A 69-year-old male developed symptoms typical of the diagnosis of narcolepsy type 1 without any previous triggering events. First, daytime sleepiness occurred, soon followed by cataplexy. Nocturnal polysomnography revealed rapid eye movement (REM) sleep behavior disorder, a apnea-hypopnea index of 25.8 events/h, and no sleep-onset REM. Multiple Sleep Latency Test showed a mean sleep latency of 2.1 min and REM sleep in 3 tests. HLA DQB1*06:02 was positive and hypocretin-1 in cerebrospinal fluid unmeasurable. A treatment with 50 mg clomipramine controlled the cataplexy; excessive daytime sleepiness was sufficiently managed by repeated naps. The administration of 0.25 mg of clonazepam subjectively improved REM sleep behavior disorder. Bilevel Positive Airway Pressure improved the apnea-hypopnea index without important influence on sleepiness. Our unique case demonstrates that even elderly subjects can develop narcolepsy type 1.

Narcolepsy type 1 (NT1; older name: narcolepsy with cataplexy [NC]) is a life-long neurological disease characterized by excessive daytime sleepiness (EDS), disrupted nocturnal sleep, and cataplexy. It is often accompanied by hypnagogic hallucinations and sleep paralysis. The disease is caused by the loss of hypocretin neurons in the lateral hypothalamus.

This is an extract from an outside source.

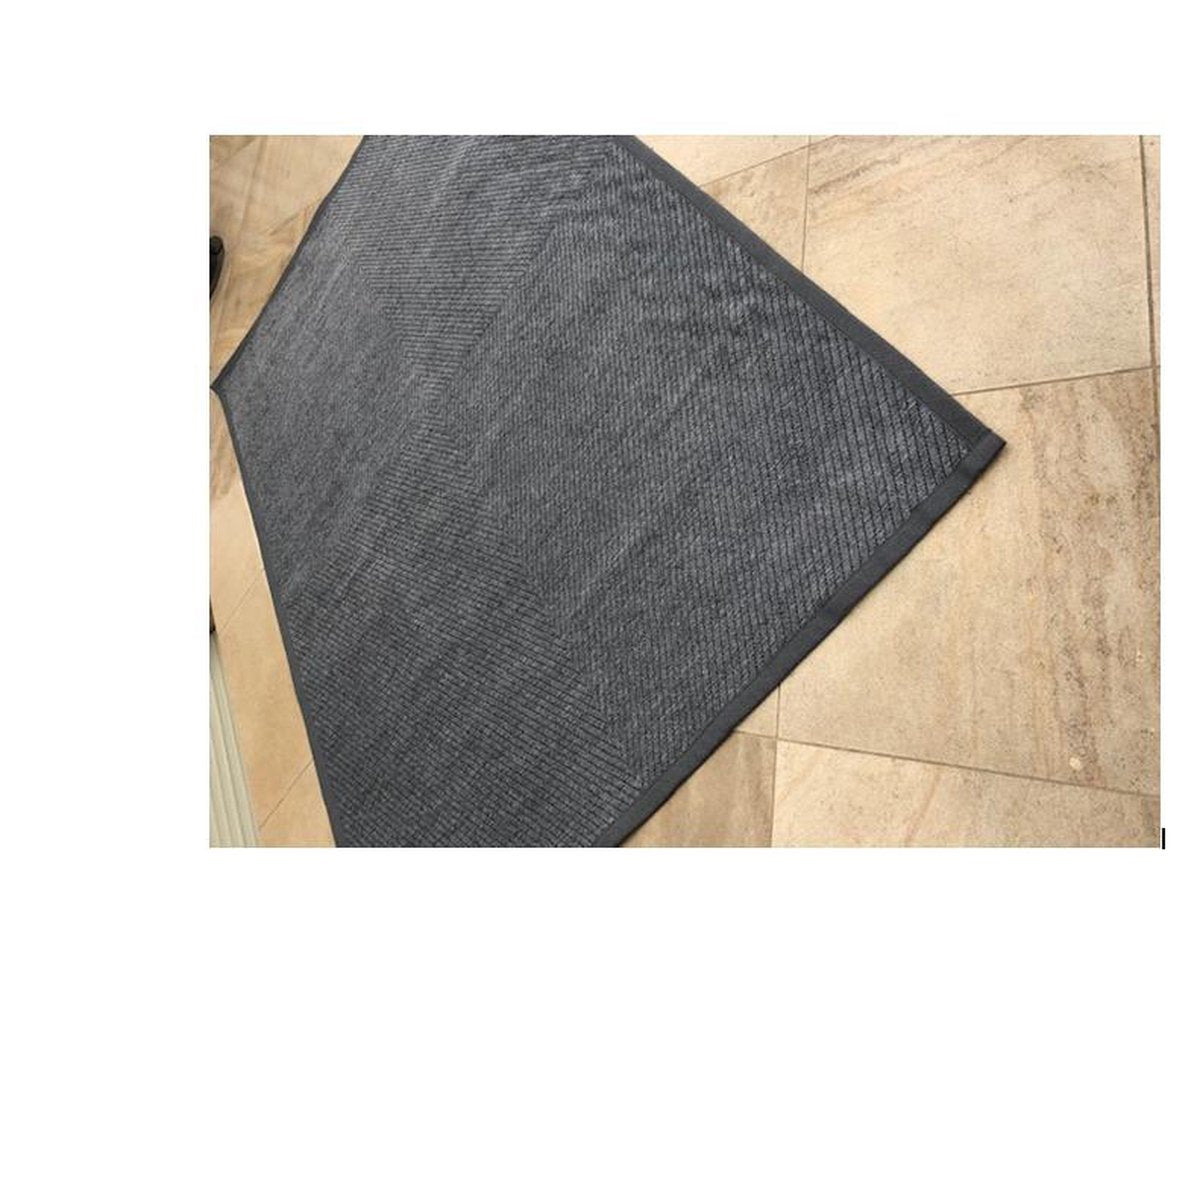 Exclusive Rug Viva recto verso - two-sided rug - free anti-slip included - light gray silver - 160/230 cm - carpet - striped and herringbone

The disappearance of hypocretin neurons is suggested to have an autoimmune etiology [1]. The typical age at onset is in the second decade and another smaller peak in the fourth decade [2]. Possible later onset is indicated as rare throughout studies; in Roth [3], only 4 out of 288 cases had onset after 50 years. To our knowledge, only 3 cases of NC onset at around age 70 years have been described: all of them are not clinically clear [4, 5]. We would like to present an undoubtedly diagnosed late-onset NT1 in a 69-year-old male subject.

Our patient was previously treated for chronic obstructive pulmonary disease, arterial hypertension, and dyslipidemia, with a history of deep vein thrombosis. He smokes about 20 cigarettes a day and occasionally likes to drink a couple of beers. Our patient has already been retired for several years from his previous occupation as a tiler. He lives with his wife and likes fishing. The patient started to suffer from EDS at the age of 69 years. No possible trigger, such as trauma, infectious disease, vaccination, or other serious health or social event, preceded the manifestation of his symptoms. Within 2 or 3 months, his symptoms got more severe so that he contacted a sleep disorder center and was sent to our clinic, where he was completely examined and diagnosed (just after his 70th anniversary).

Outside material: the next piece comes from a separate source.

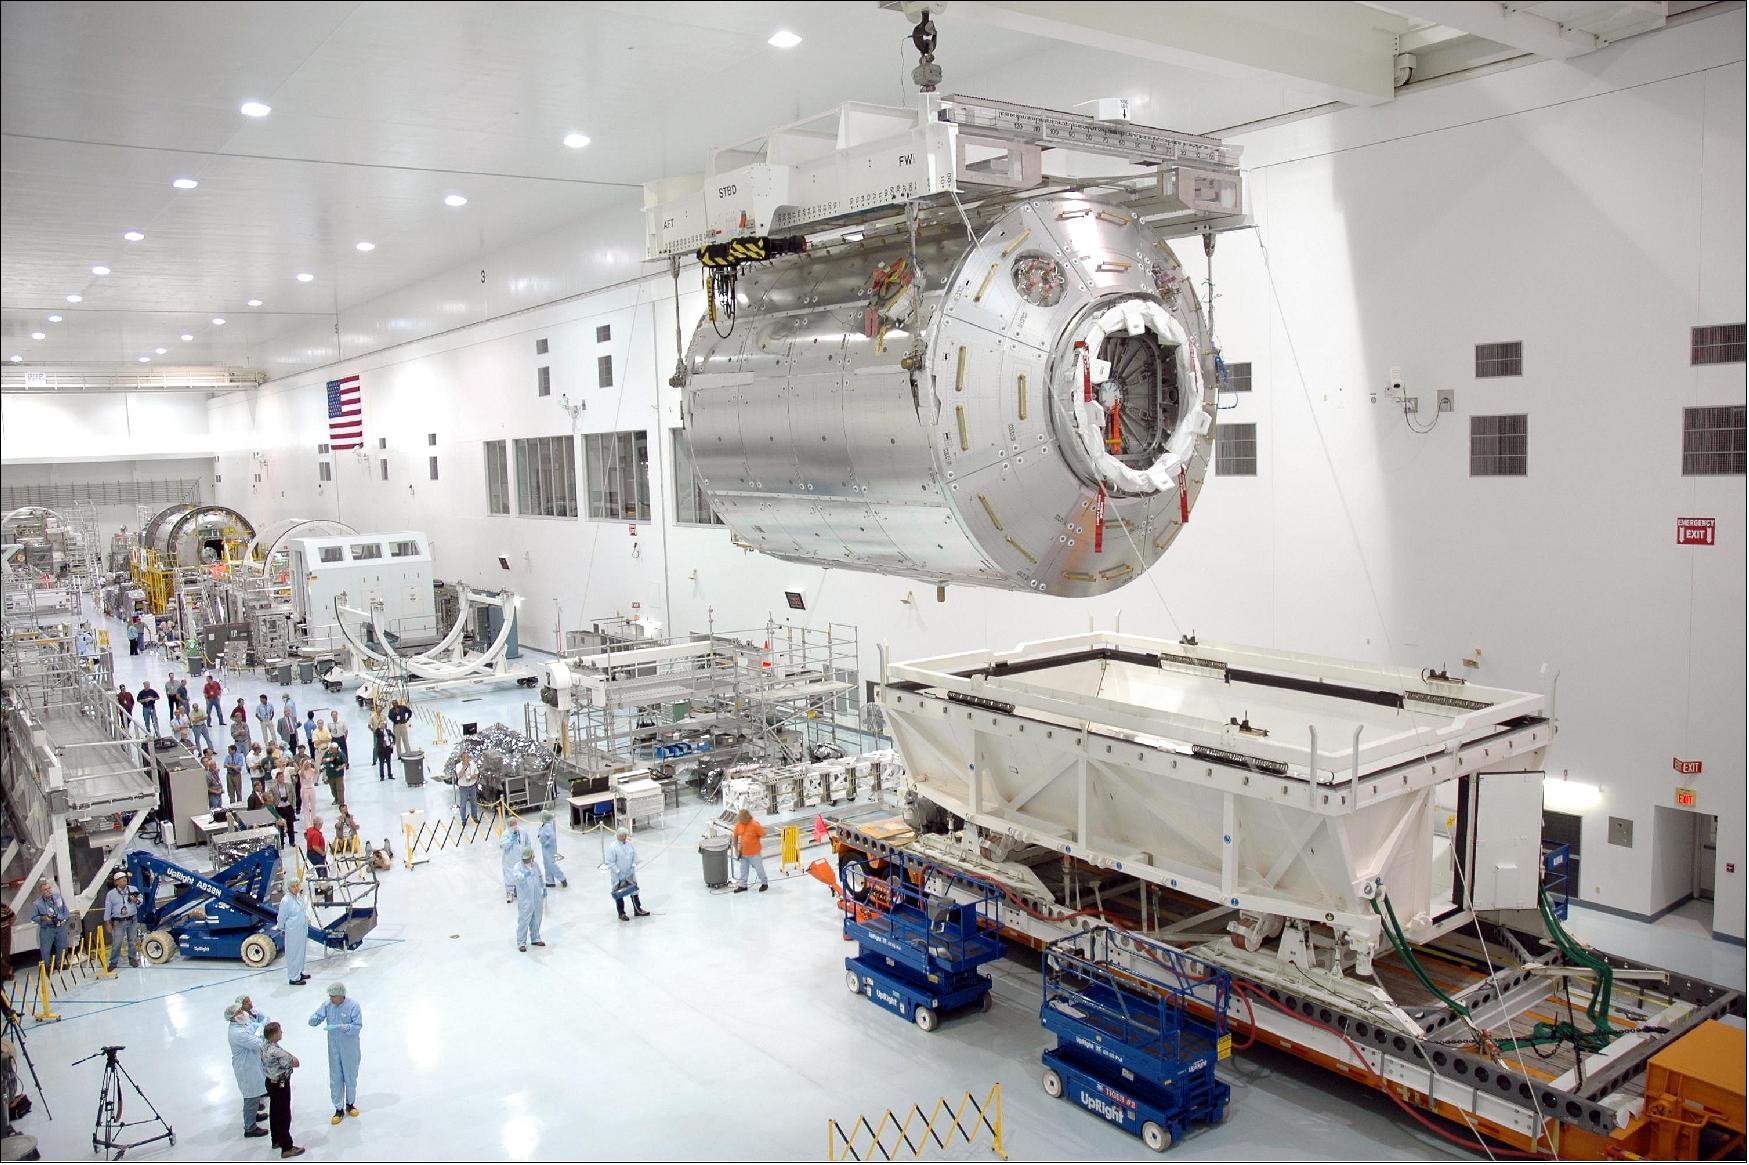 Figure 14: Columbus to scale. The focus of this image is the suspended European Columbus module being moved onto a work stand in a cleanroom at the Kennedy Space Center in Florida, USA. Of course, a cylindrical module of more than 10 t (without payloads) for housing laboratory equipment, storage units and three working astronauts is big, but the contrast between Columbus and the people in the image is startling. Even more so when we remember that Columbus is one of 16 similarly sized modules orbiting 400 km over our heads (image credit: NASA)

The patient described a sudden onset of disturbing daytime sleepiness and required several 5- to 10-min naps throughout the day. He fell asleep while engaged in monotonous activities, such as TV watching, reading, or using an iPad. However, sleep attacks while he was physically active did not occur. He tried to avoid falling asleep unexpectedly by taking a short nap in advance. Being already retired, the sleepiness did not present important difficulties in his life. He made a few complaints about disturbed nocturnal sleep, especially frequent vivid dreams and dream enactment behavior. For example, he reported waking up and petting an imaginary dog that he had been dreaming of.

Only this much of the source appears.